As is apparent from this result, when the EC content was 20 vol%, the results of the 2 It overcharge test were all poor. Moreover, when EC content exceeded 55 vol%, the 2 It overcharge test result was favorable, but the expansion | swelling generate | occur | produced at the charge storage of 80 degreeC 4 days. From the above result, when EC content is 25 vol% or more and 50 vol% or less, it turns out that there is no expansion even at the time of 80 degreeC charge of 4 days, and the 150 degreeC thermal test result is also favorable.

Finally, using the present invention batteries A1, A3, A4, A6, B1, B3, B4, B6 and comparative batteries W1, W7, Z1, Z7, the test results when the PC ratio was constant and only the EC ratio was changed are shown in the table. 4 is shown.

In addition, in this test, in addition to the 2 It overcharge test as the overcharge test, the results of the 3 It overcharge test charged with a charging current of 1800 mA (3 It) and the 5 It overcharge test charged with a charge current of 3000 mA (5 It) It is described together.

From this result, when the EC content was 30 vol% or more, the 3 It overcharge test was also good.

Therefore, it is more preferable to make EC content into 30 vol% or more.

Moreover, although the example which applied this invention to the polymer battery (polymer solid electrolyte battery) was demonstrated as said embodiment, this invention can also be applied to a lithium ion battery.

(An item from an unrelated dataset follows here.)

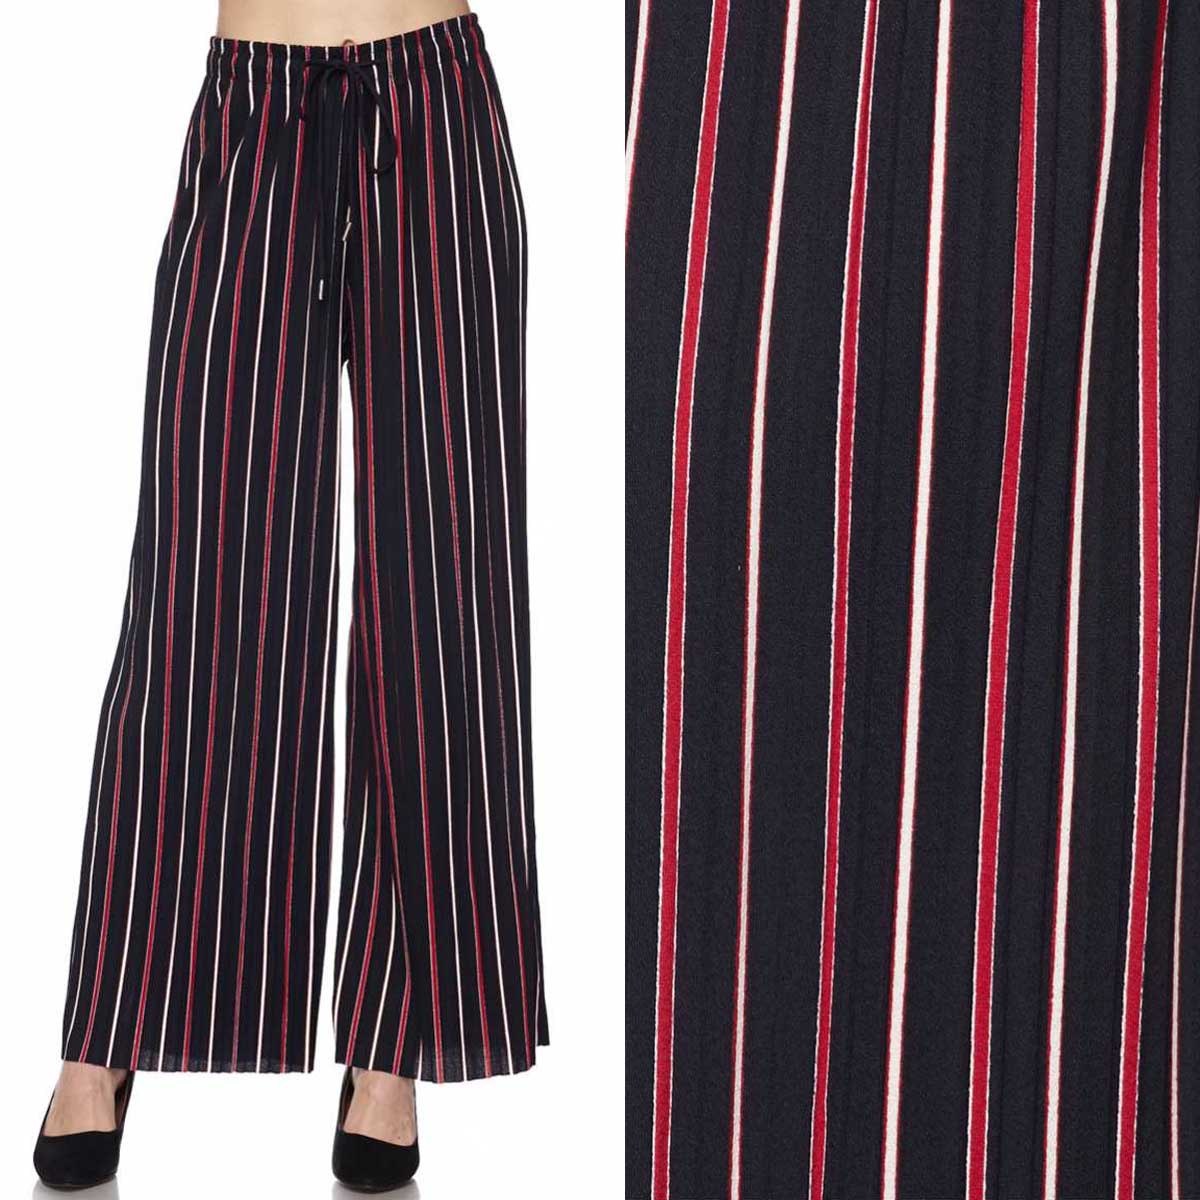 902ANP - Pleated Wide Leg Twill Pants PLUS #12 Striped Navy-Red

In addition, the polymer here is a polyether solid polymer, a polycarbonate solid polymer, a polyacrylonitrile solid polymer, and the copolymer or crosslinked polymer which consists of two or more of these, polyvinylidene fluoride (PVdF), It is a solid electrolyte formed into a gel by combining a polymer selected from the same fluorine-based solid polymer, a lithium salt and an electrolyte solution.

In the above embodiment, the mechanofusion device is used to cause compression, impact, and shearing action so that lithium manganate and lithium cobalt acid are mixed so that lithium cobaltate is in electrical contact with lithium manganate. Although an example has been described, these materials can be mixed in a slurry state without using a mechanofusion device.

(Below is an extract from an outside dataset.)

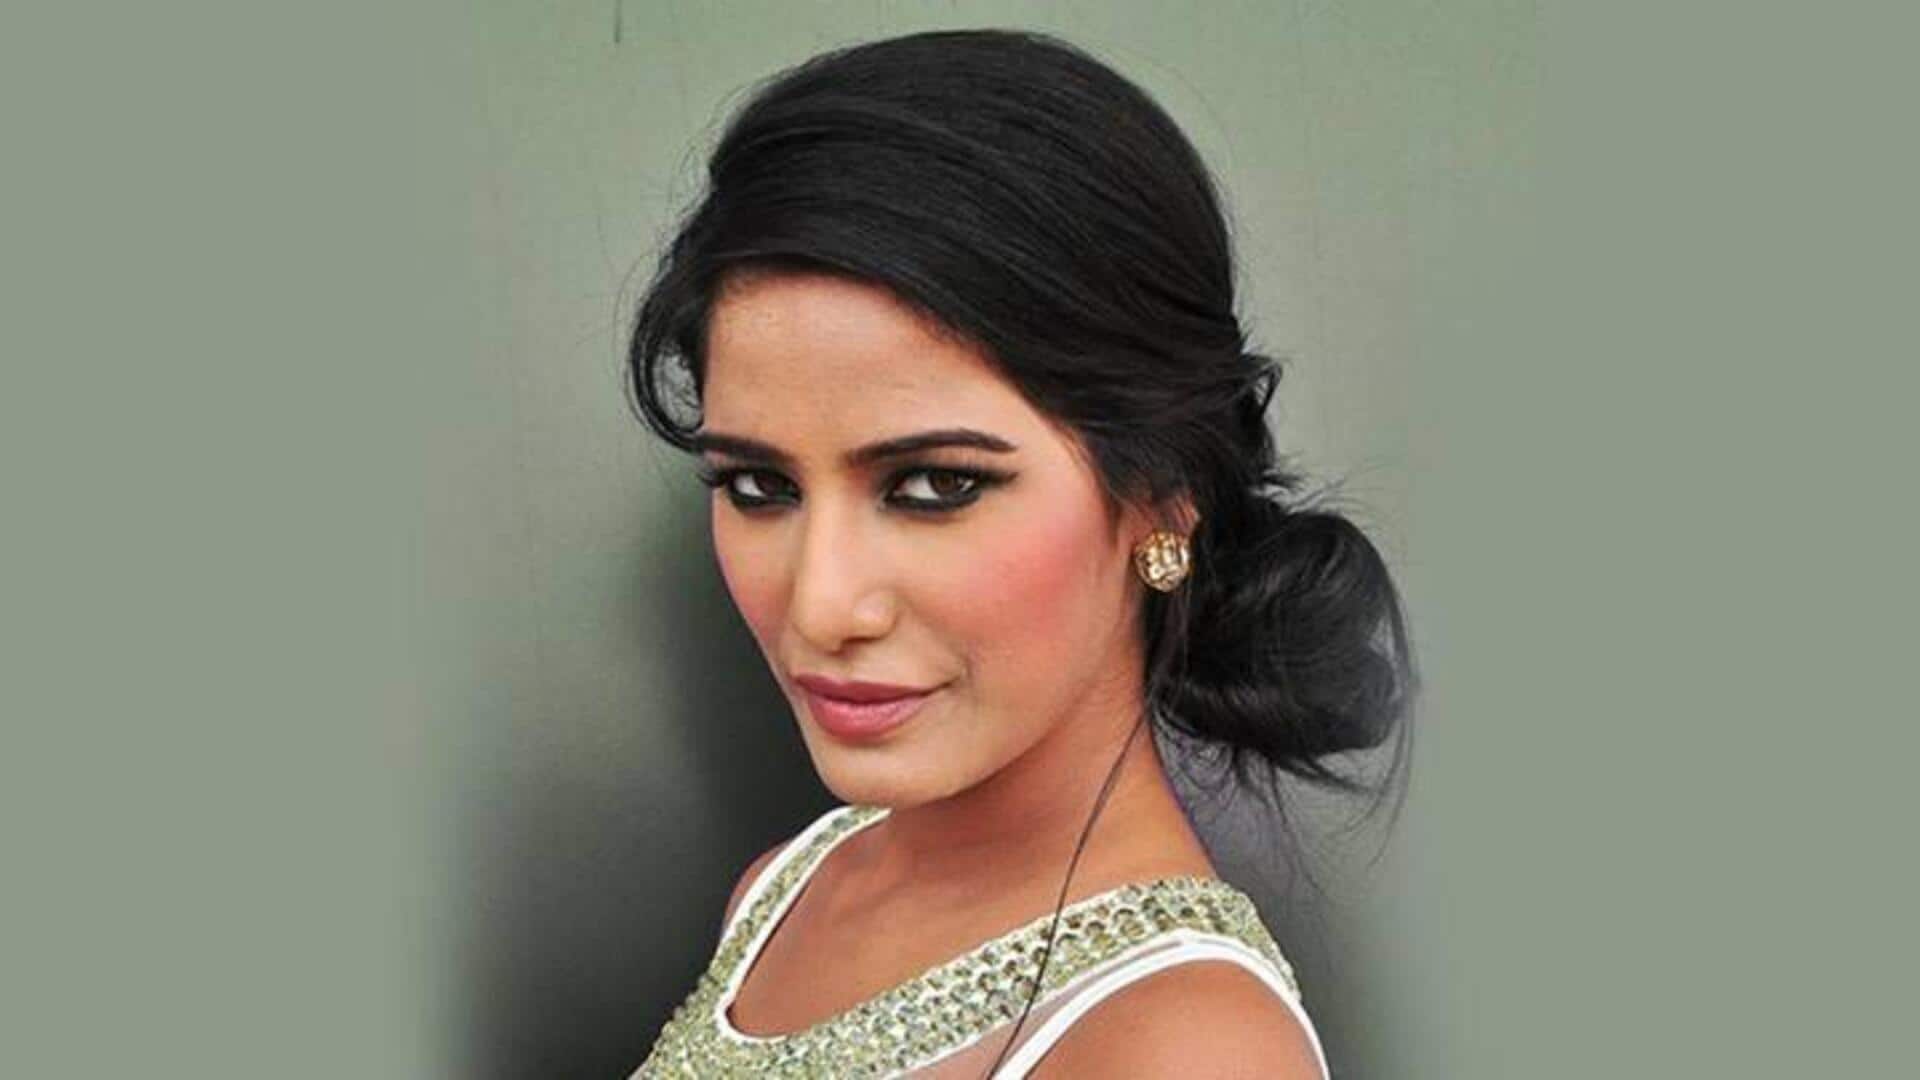 Poonam Pandey alive, apologizes for faking death in fresh videos

In addition, the same effect can be obtained when a different element is added to lithium manganate and lithium cobalt acid as the positive electrode active material.

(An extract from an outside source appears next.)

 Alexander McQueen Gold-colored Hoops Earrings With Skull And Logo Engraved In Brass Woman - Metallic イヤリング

As described above, according to the present invention, the positive electrode active material is a mass ratio of lithium cobalt / lithium manganate in the range of 50/50 to 80/20, and the electrolyte is a lithium salt dissolved in an organic solvent. By using ethylene carbonate (EC) and propylene carbonate (PC), EC content is 25 vol% or more and 50 vol% or less with respect to all the organic solvents, and PC content is 5 vol% or more and EC content or less. It is possible to provide a nonaqueous electrolyte battery that maintains high safety, has a small expansion of the battery during high temperature storage, and is excellent in high temperature cycle characteristics.

Claims (2)

An outer container, an anode and a cathode disposed in the outer container, and an electrolyte disposed therebetween, The positive electrode is a mass ratio of lithium cobalt / lithium manganate as an active material is in the range of 50/50 to 80/20, The electrolyte is obtained by dissolving a lithium salt in an organic solvent, the organic solvent contains ethylene carbonate (EC) and propylene carbonate (PC), and the EC content is 25 vol% or more and 50 vol based on the total organic solvent. It is% or less and PC content is 5 vol% or more and EC content or less, The nonaqueous electrolyte battery characterized by the above-mentioned. The method of claim 1, wherein the electrolyte is heat polymerization by adding a polymerizable compound containing a compound having acryloyl group (CH ₂ = CHCO-) or methacryloyl group (CH ₂ = C (CH ₃ ) CO-) Non-aqueous electrolyte battery characterized in that the gelation.